I think the DVR-921 should default to 0 padding like the other DISH receivers I've owned (a 5000 & 6000). It's a hassle to manually change these to zero every time I create a timer.

Anyone else seeing this? Anyone else annoyed by this?

Boot Version 120B
Flash Version F051
SW version L142HECD-N


----------



## 928gt (Dec 17, 2003)

Hi Bob,
Yes mine does this also, so does my 522 and like you it BUGS me TOO !! 

Smart way would be for it to remember your last used settings for new timers. In other words if you change it to 1 min Early, 1 min late, it should stay that way until you change the settings.

Dave


----------



## haydentf (Jan 20, 2004)

I agree. I asked why they decided to default to 1 and 3 and was told that is what most people wanted because shows were running over their scheduled times. The only channel I know to do that consistantly is HBO. I wonder who they spoke to?



TVBob said:


> Whenever I create a new timer, my timer pad boxes are always filled in with "start 1 minute early, end 3 minutes late."
> 
> This means back-to-back shows will always appear to conflict.
> 
> ...


----------



## Jim Parker (Aug 12, 2003)

"I wonder who they spoke to"

They probably watched Anchorage's local stations. We are an hour delayed from the west coast feed, so the stations record and time shift the programs. Since the stations are not tied to the feed, they can add more advertising in the commercial breaks. At the end of prime time, they are 4 to 5 minutes late due to the extra ads.  
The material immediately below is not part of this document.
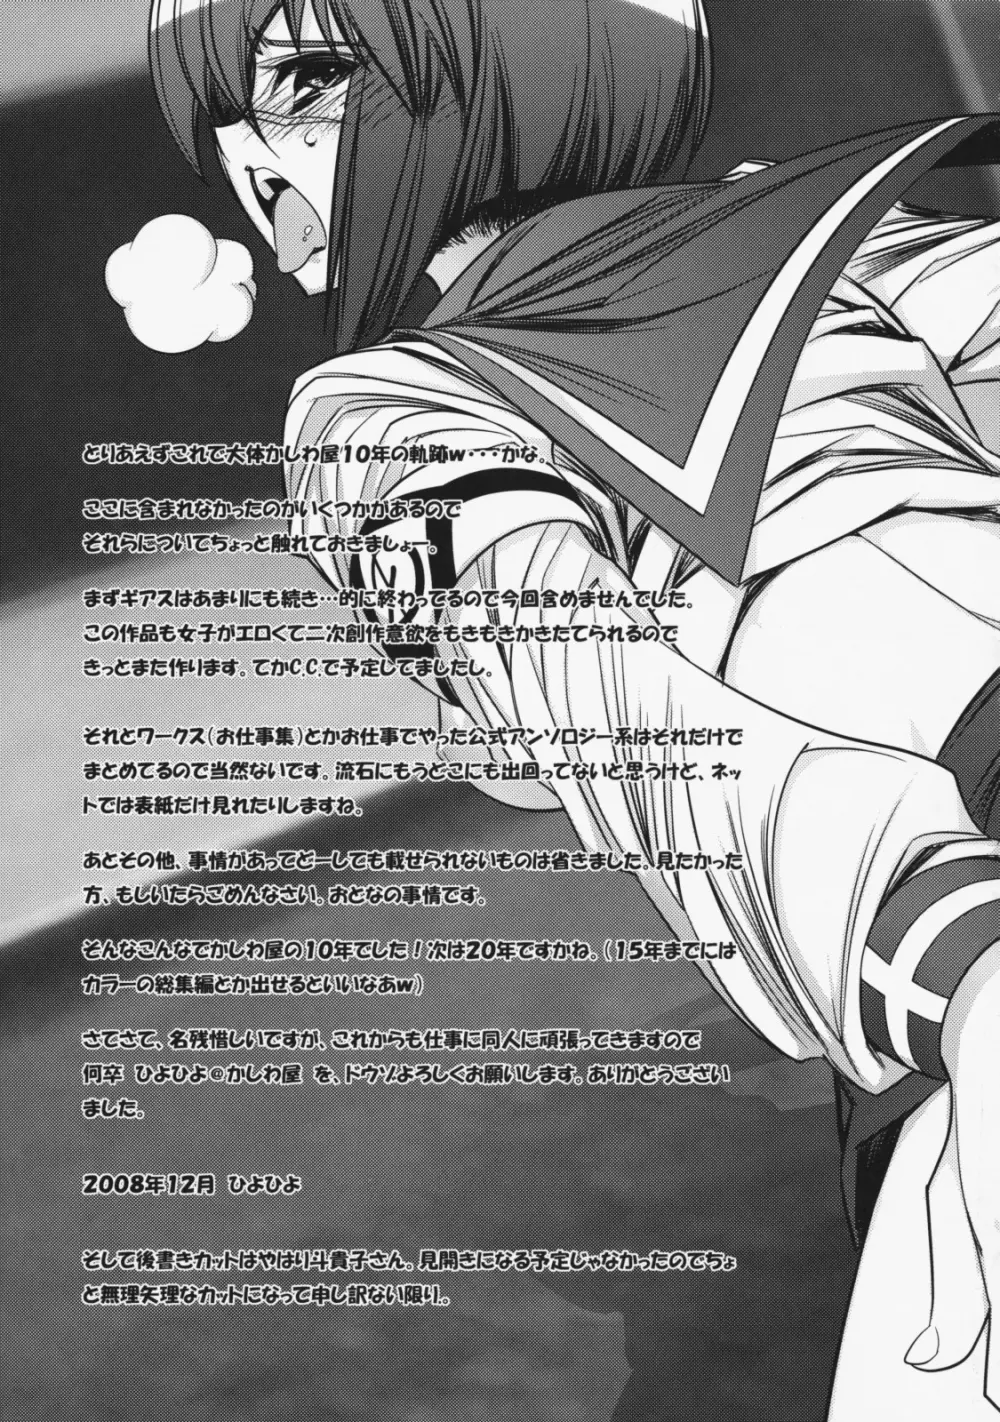 Kashiwa-ya Circle 10th Anniversary - page177

I was glad to see the ability to add time to the end of the record time, but I agree that it should remember your preference.

Ahh, how spoiled have we become! Until the mid 80's the local stations used video tape that was mailed to Hawaii, then up here. That caused a 2 week time delay. We watched Christmas shows in January. :lol:


----------



## Slordak (Dec 17, 2003)

I would also like to see some logic so that if the back to back recording is being done on the exact same channel, that the receiver automatically adjusts the timers to be non-overlapping if there is any sort of conflict (e.g. the receiver is still on and being used to watch another channel). The content will be in one recorded program or the other (i.e. nothing will be lost), so having an overlap is silly.


----------



## peterd (Dec 17, 2003)

Slordak said:


> I would also like to see some logic so that if the back to back recording is being done on the exact same channel, that the receiver automatically adjusts the timers to be non-overlapping if there is any sort of conflict (e.g. the receiver is still on and being used to watch another channel). The content will be in one recorded program or the other (i.e. nothing will be lost), so having an overlap is silly.
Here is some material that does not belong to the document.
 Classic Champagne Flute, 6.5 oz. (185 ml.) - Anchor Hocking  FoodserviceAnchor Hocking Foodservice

Yes, the previous settings should remain (or at least default to 0), and the conflict resolution logic above should be applied.


----------



## pdlittle (Jan 25, 2004)

I have additional information to report on the timer pads bug.

When setting up a timer for a weekly event, the default day is the current day. This is good as a default setting. However, there is a problem when setting up a weekly timer for a day other than the default and changing the timer pads. It seems you are not allowed to do both. If you change the weekly day and select done, it saves the timer with the default pads of 1 before and 3 after. If you go back into the timer edit mode and change the pads and select done. It changes the weekly day to the default day. And when you go back to set the day... you get the idea. It is a loop that the only way I have found to work around is to set pads for the weekly timer on the day of the week for the event.

SW L145HECD-N
Boot 120B
Flash F051


----------



## David_Levin (Apr 22, 2002)

Is that what was happening? These pads were driving me nuts last night. I'm setting a manual timer for OTA. Don't see the point of the pads (since I'm setting the start/end times).

I kept trying to set them to 0, but they'd still exist in the saved timer.


----------



## jsanders (Jan 21, 2004)

David_Levin said:


> I kept trying to set them to 0, but they'd still exist in the saved timer.


I had that same experience, and I had to go through two more times to get them to stay at zero!


----------



## paulcdavis (Jan 22, 2004)

In my experience the timer pads don't cause recording conflicts. if I create three sequencial timers from the guide on two satellite channels and leave the 1 and 3 minute pads alone, no timer conflict screen pops up. When I then go to the timers list, the 921 has removed the 3 minute post pad for the first timer, removed both pads for the middle timer, and removed the 1 minute pre pad for the last timer. 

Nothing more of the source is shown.